As the risks and repercussions of cyberattacks have become more pronounced, so has the understanding of the importance of risk management around cybersecurity.
Most organisations have successfully elevated cybersecurity to the board level and most directors understand that cybersecurity risk is a business risk like any other.
However, this increased understanding of the importance of cybersecurity doesn't necessarily mean that boards are well-equipped to tackle cybersecurity effectively.
When it comes to cyber resilience, the bar is only getting higher for organisations and their boards.
The Australian Securities and Investment Commission (ASIC) expects directors to address cyber risk and not pass this responsibility off to IT departments.
They need to take a leadership role and demand to be given the information they need to make effective choices around managing risk.
It's important for CISOs and business leaders to work closely together to ameliorate the risk of cyberattacks.
However, there is often a disconnect between security experts and the rest of the organisation, especially as business users demand to use the latest technology to drive competitive advantage.

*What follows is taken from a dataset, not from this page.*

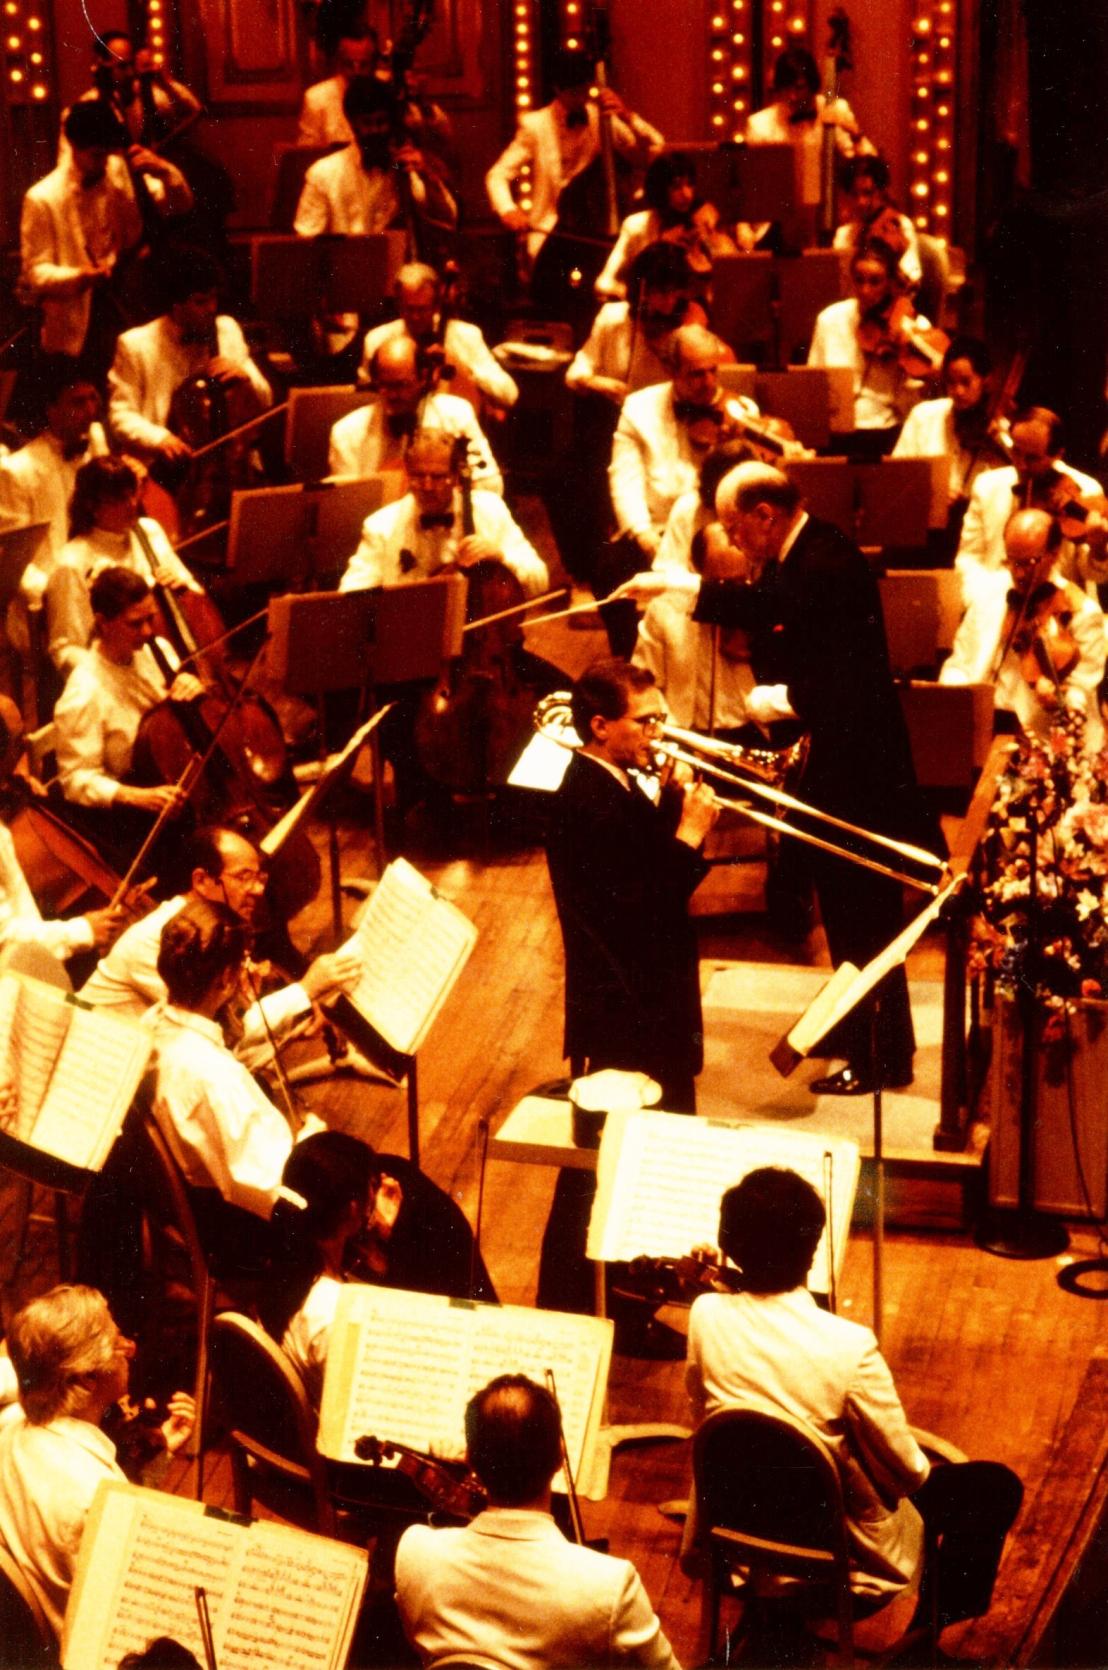 Yeo_Williams_Concerto_1991_05_24_ed
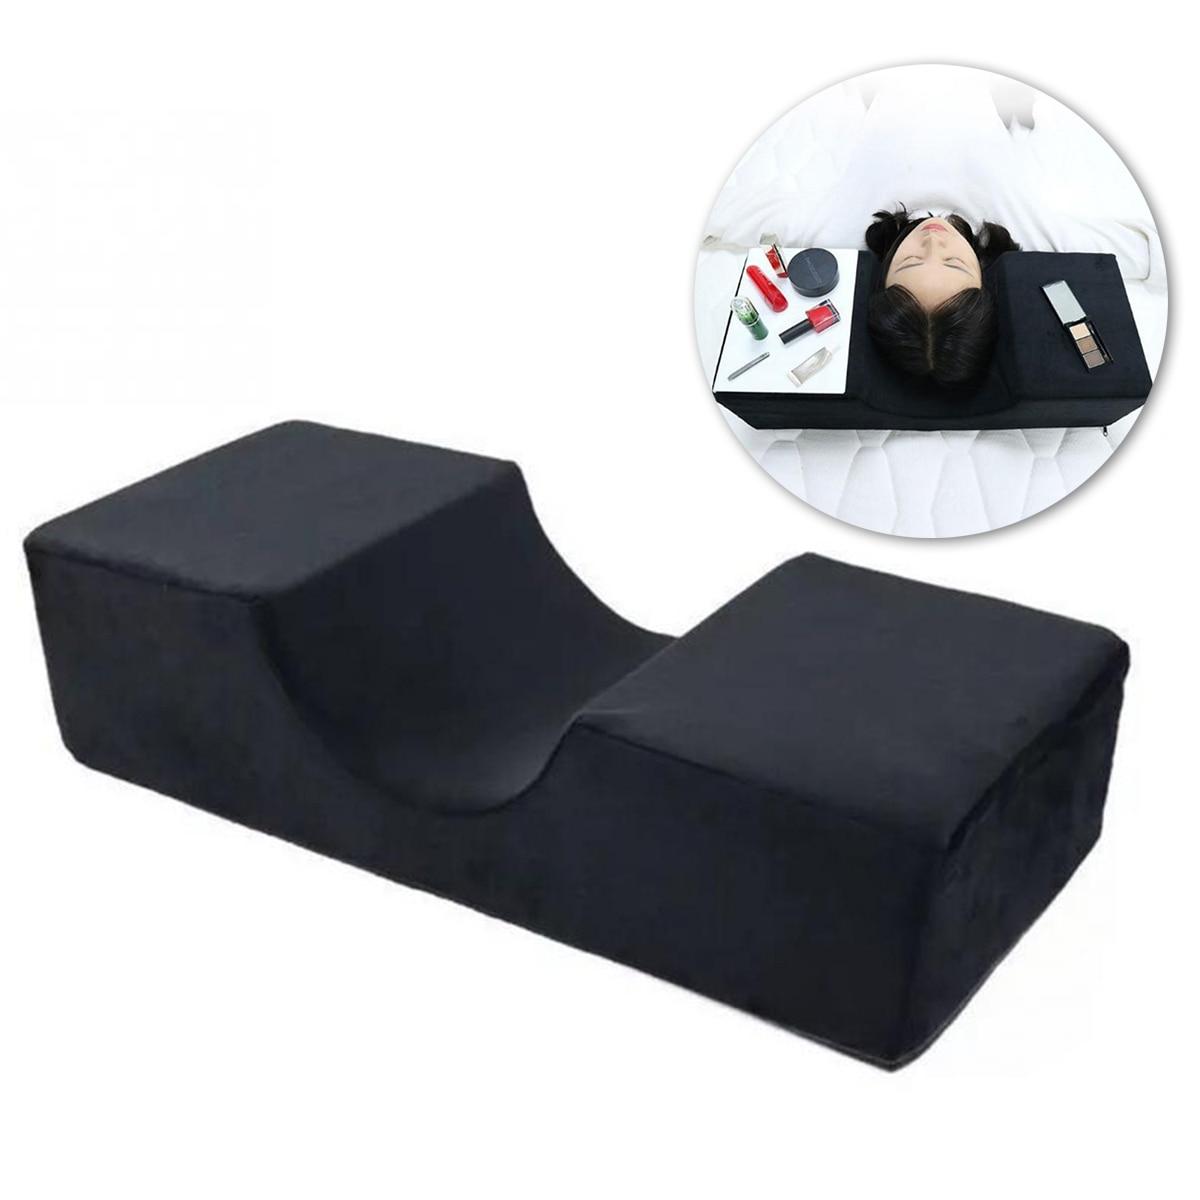 Extensiones de almohada de pestañas profesionales Nosii, franela especial para uso en salón, soporte de belleza de memoria, injertado para extensión de pestañas, reposacabezas

These users can often perceive security-related checks and balances as a hindrance to business operations.
One of the most serious disconnects between CISOs and other business leaders is their approach to the reasonable care standard for security and resiliency.
This standard is widely referenced in best practices and regulatory frameworks such as Europe's General Data Protection Regulation (GDPR), which affects many Australian organisations.
It refers to the actions that, objectively speaking, the organisation should take to protect sensitive data and information.
While this sounds simple in theory, and most CISOs agree that it's the right approach to cybersecurity, few boards have officially adopted reasonable care as their measure of security.
The value of a ‘reasonable care' metric is that it takes into account common-sense approaches to security.
For example, if a company has extensive security monitoring tools but no one is reviewing those tools or acting in response to alarms, then a reasonable person would argue that the organisation has breached its duty of care.
Therefore, to meet the ‘reasonable care' standard, organisations simply have to take a logical approach to ensuring every vulnerability is addressed as well as possible.
While the CISO is possibly the ideal person to determine whether all reasonable steps have been taken, it's essential for business leaders and board members to get involved to make sure that all possible risks have been considered and addressed.
When CISOs and boards can't get together on this, security gaps are bound to be missed, leaving the organisation open to attack.
Given most security breaches happen because of a gap in visibility, awareness, and control, it's important for organisations to consider a security fabric approach to cybersecurity.
This approach provides visibility and control and leverages a zero-trust approach in which no traffic is trusted regardless of whether it originates inside or outside the network perimeter.
Taking a more stringent approach to cybersecurity can help avoid charges of failing to meet ‘reasonable care' standards and ensure companies are protected from catastrophic cyber-attacks.